Data below:
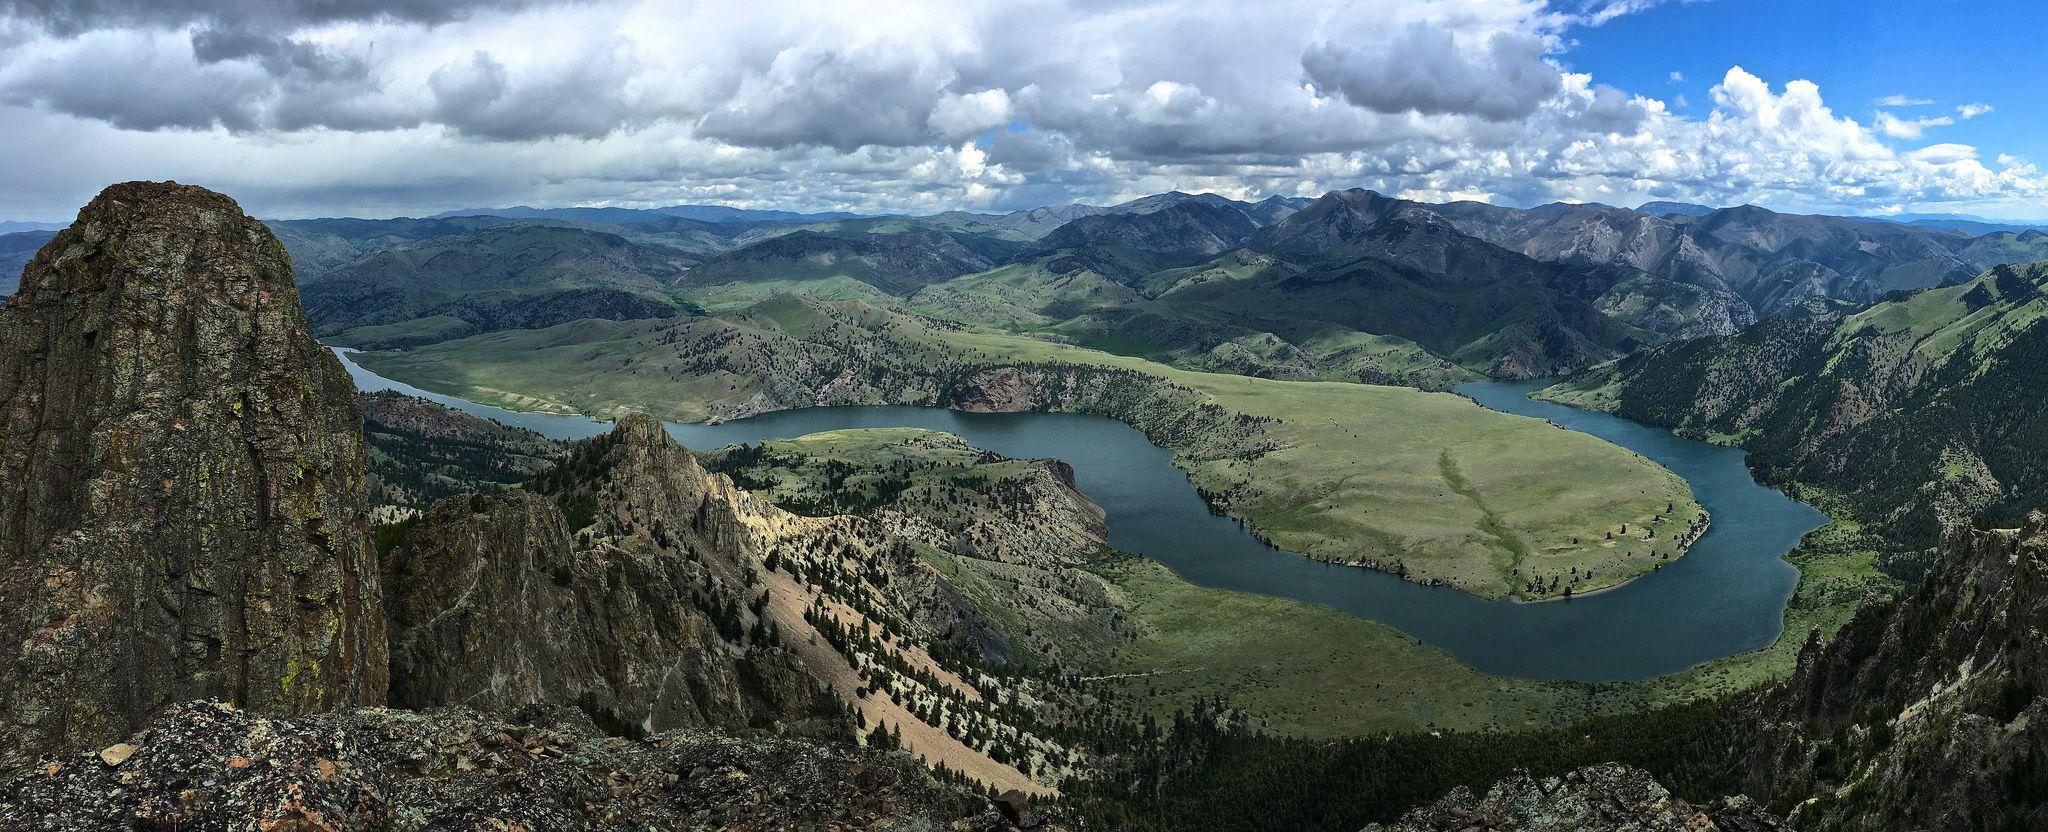 Hike to the sleeping giant hiking natural landmarks
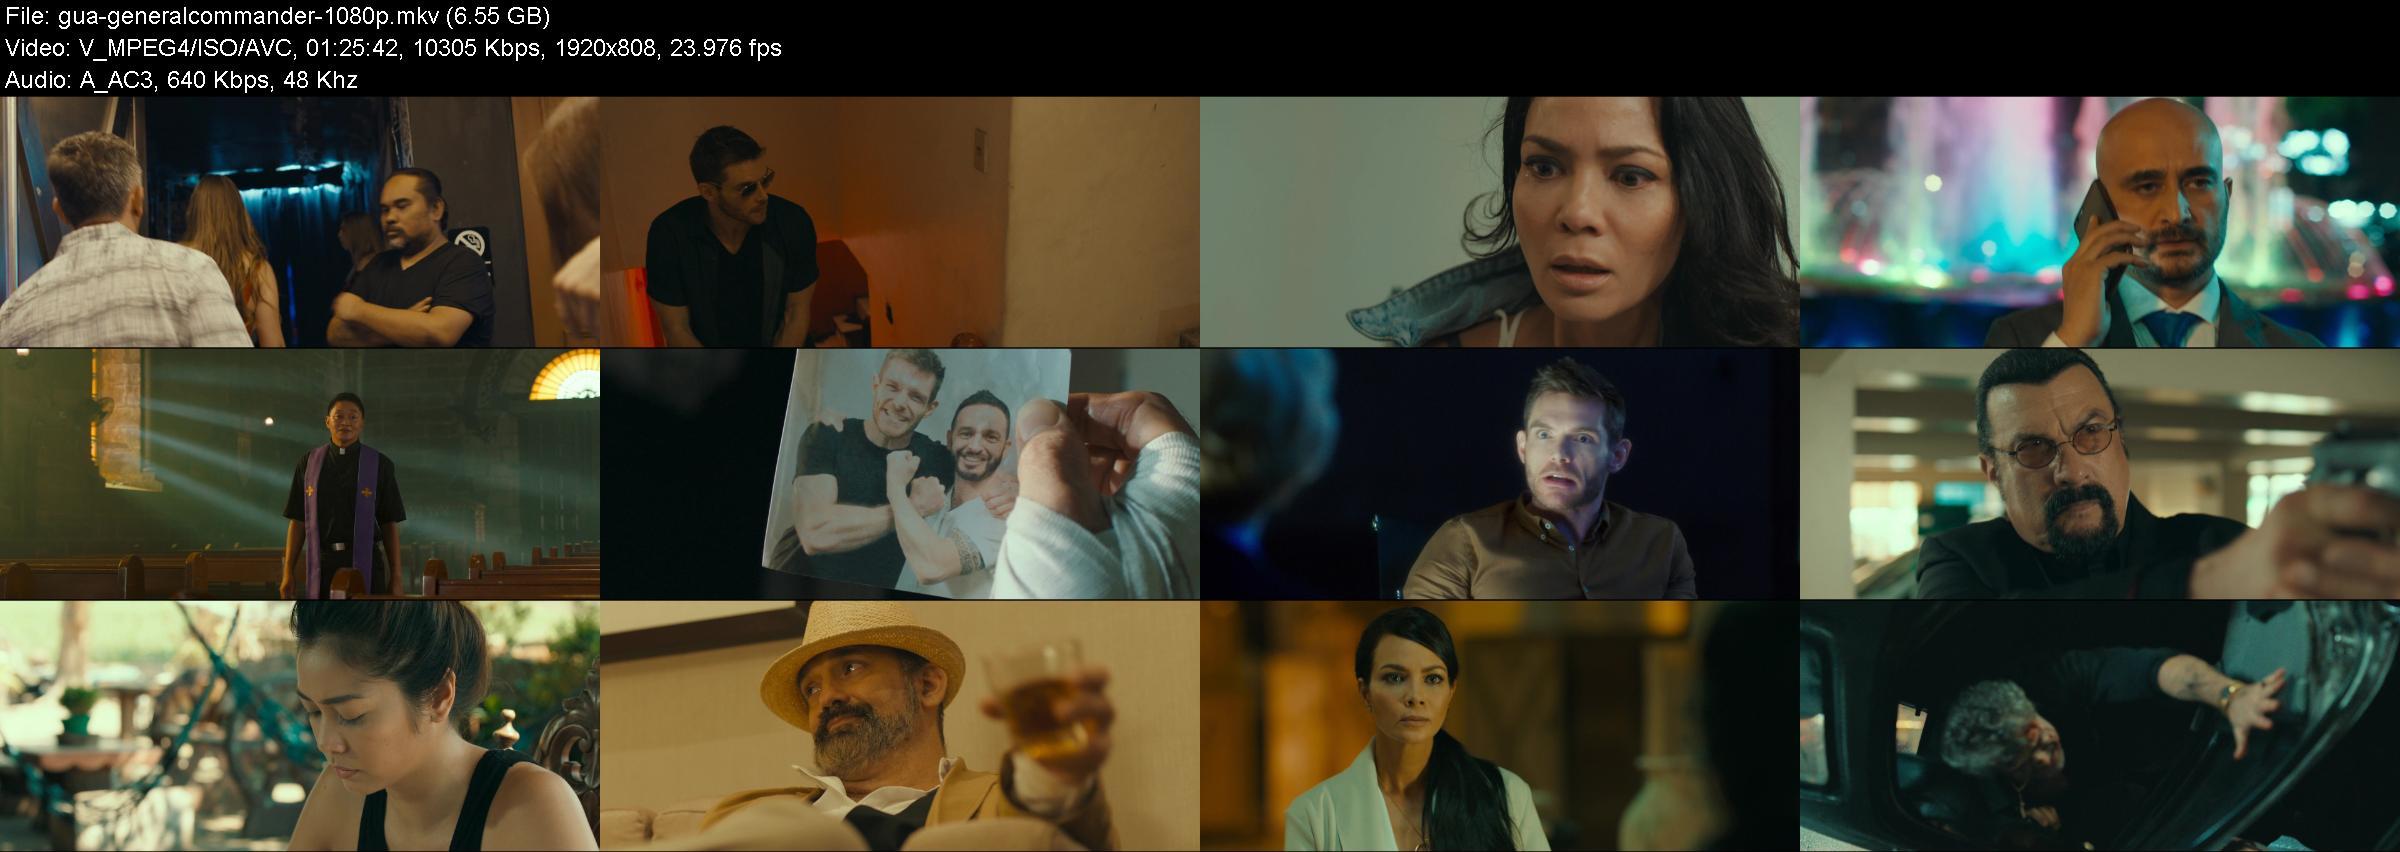 General Commander 2019 1080p BluRay x264-GUACAMOLE
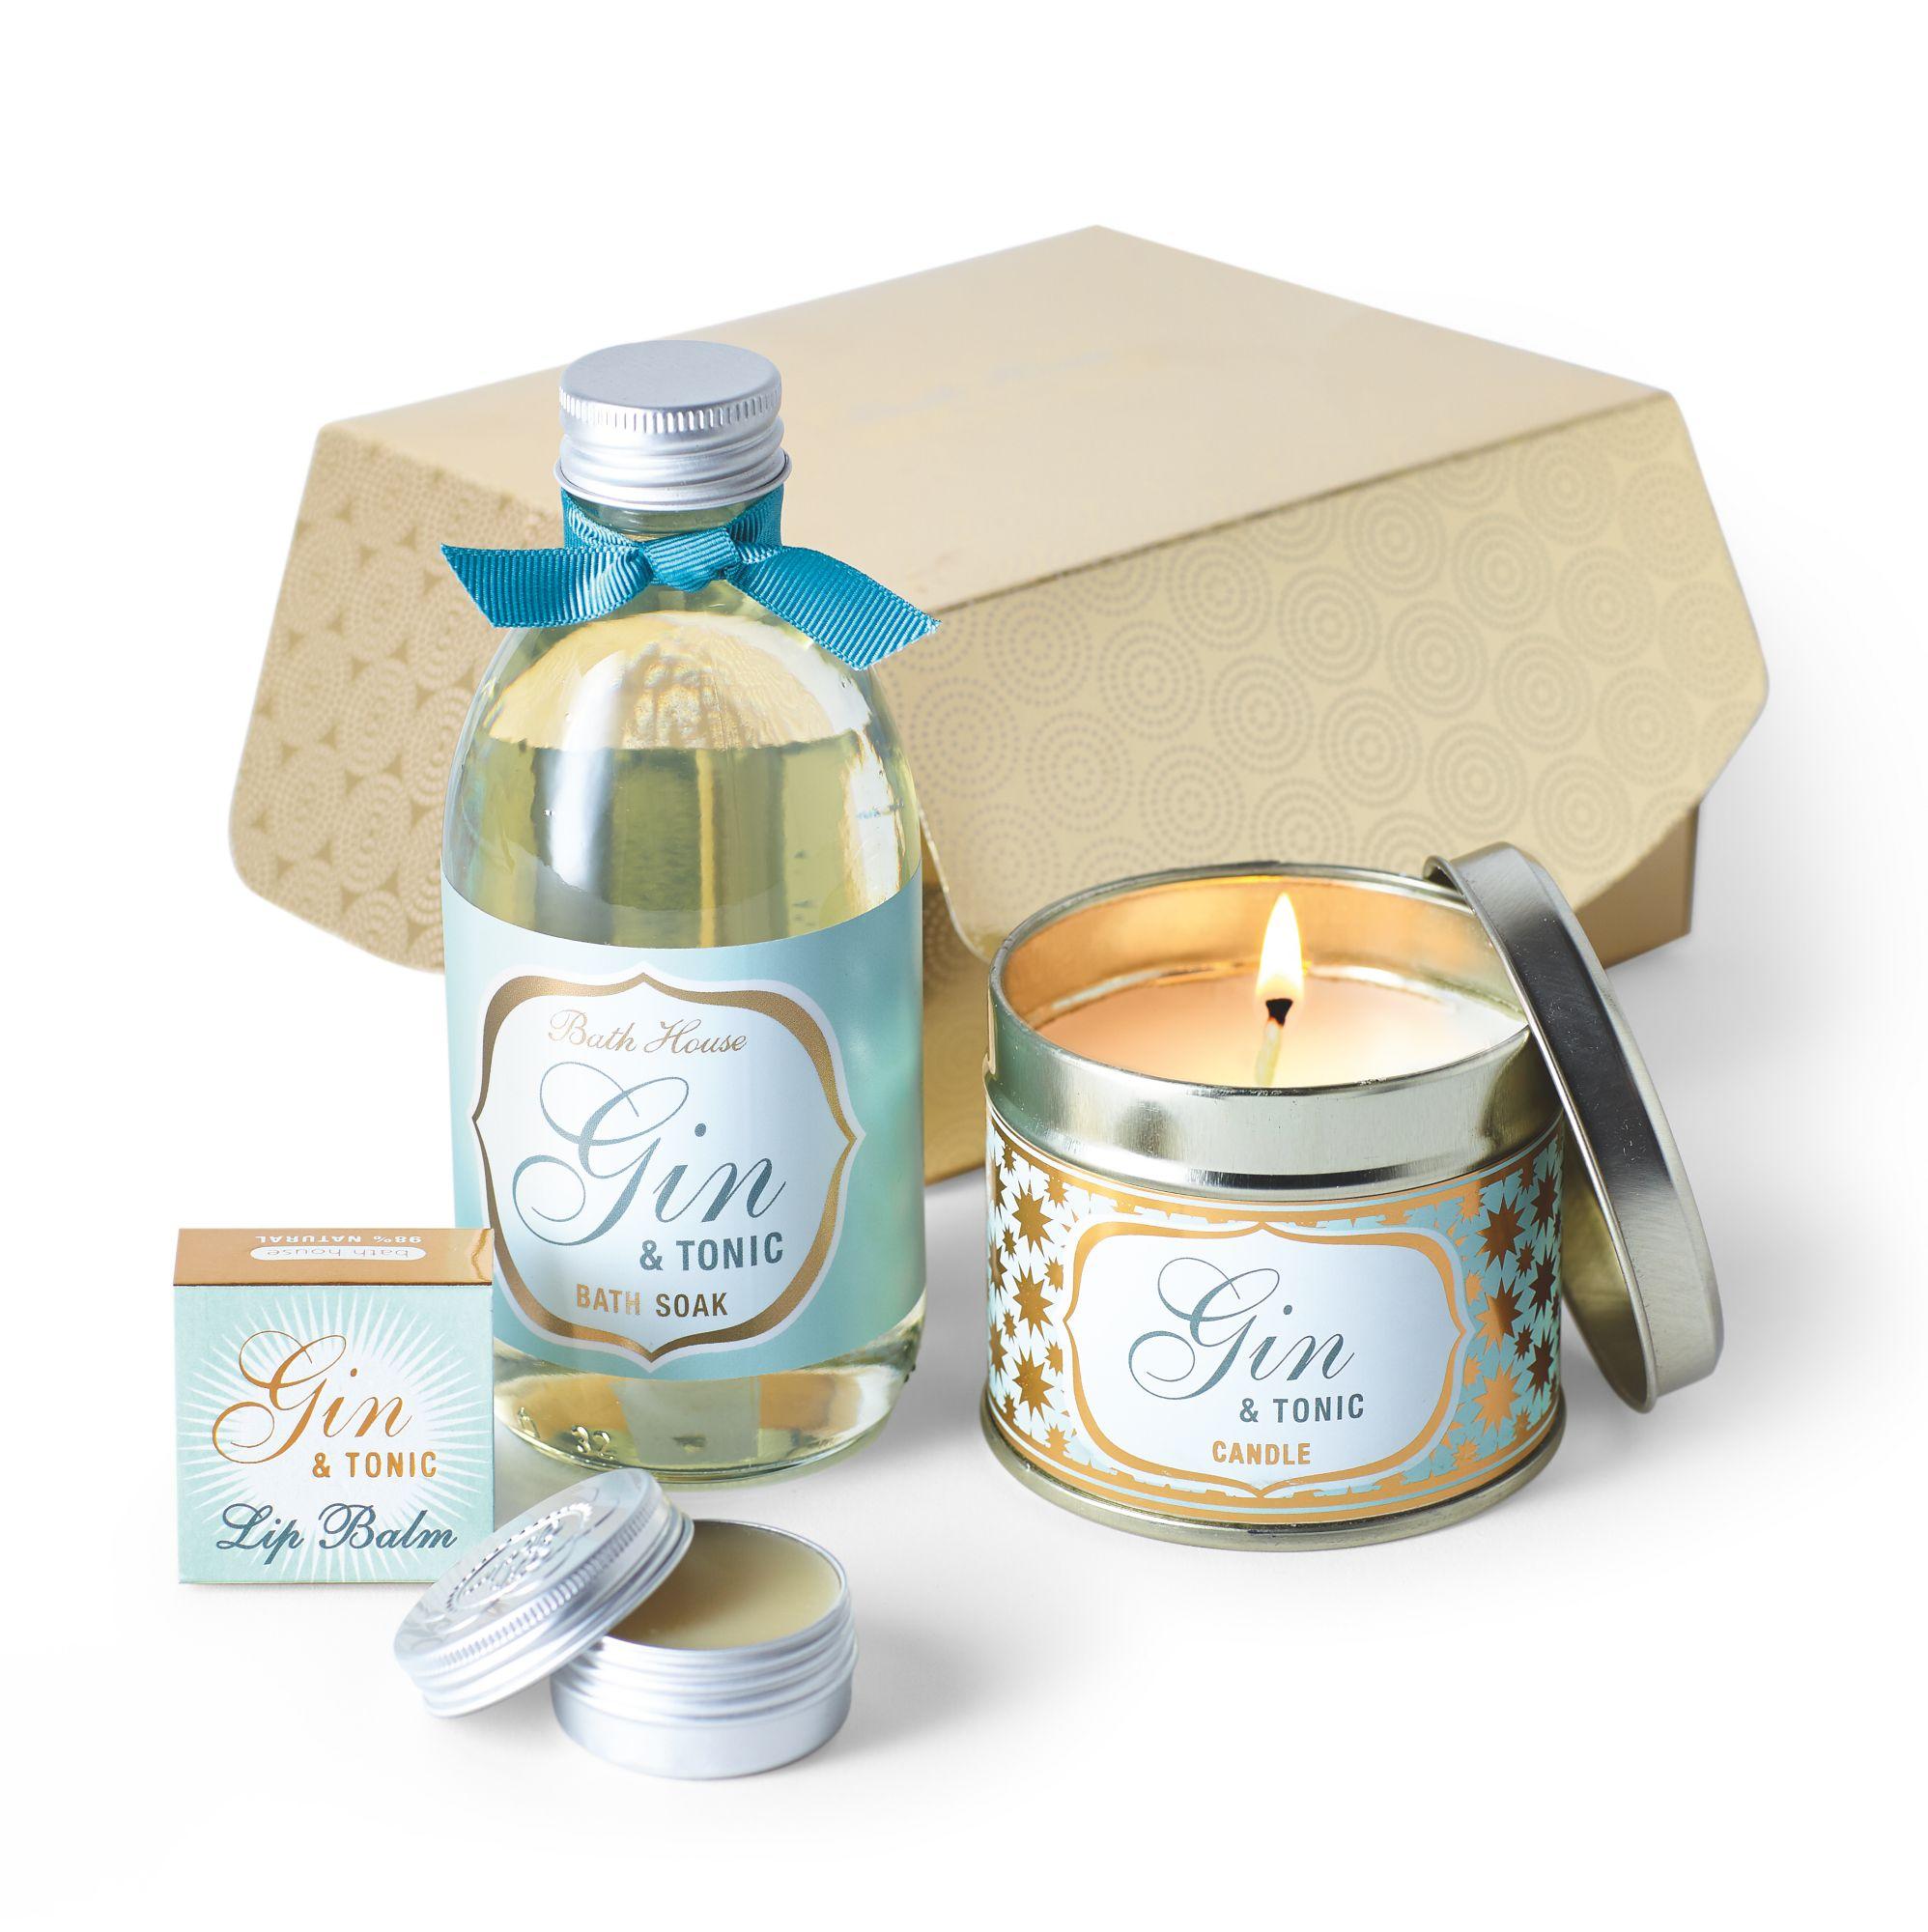 Image of Bath House Gin & Tonic Temptation Gift Box

Your task: Exclude all images and retype the data precisely.

Written solution:
 Hike to the sleeping giant hiking natural landmarks
 General Commander 2019 1080p BluRay x264-GUACAMOLE
 Image of Bath House Gin & Tonic Temptation Gift Box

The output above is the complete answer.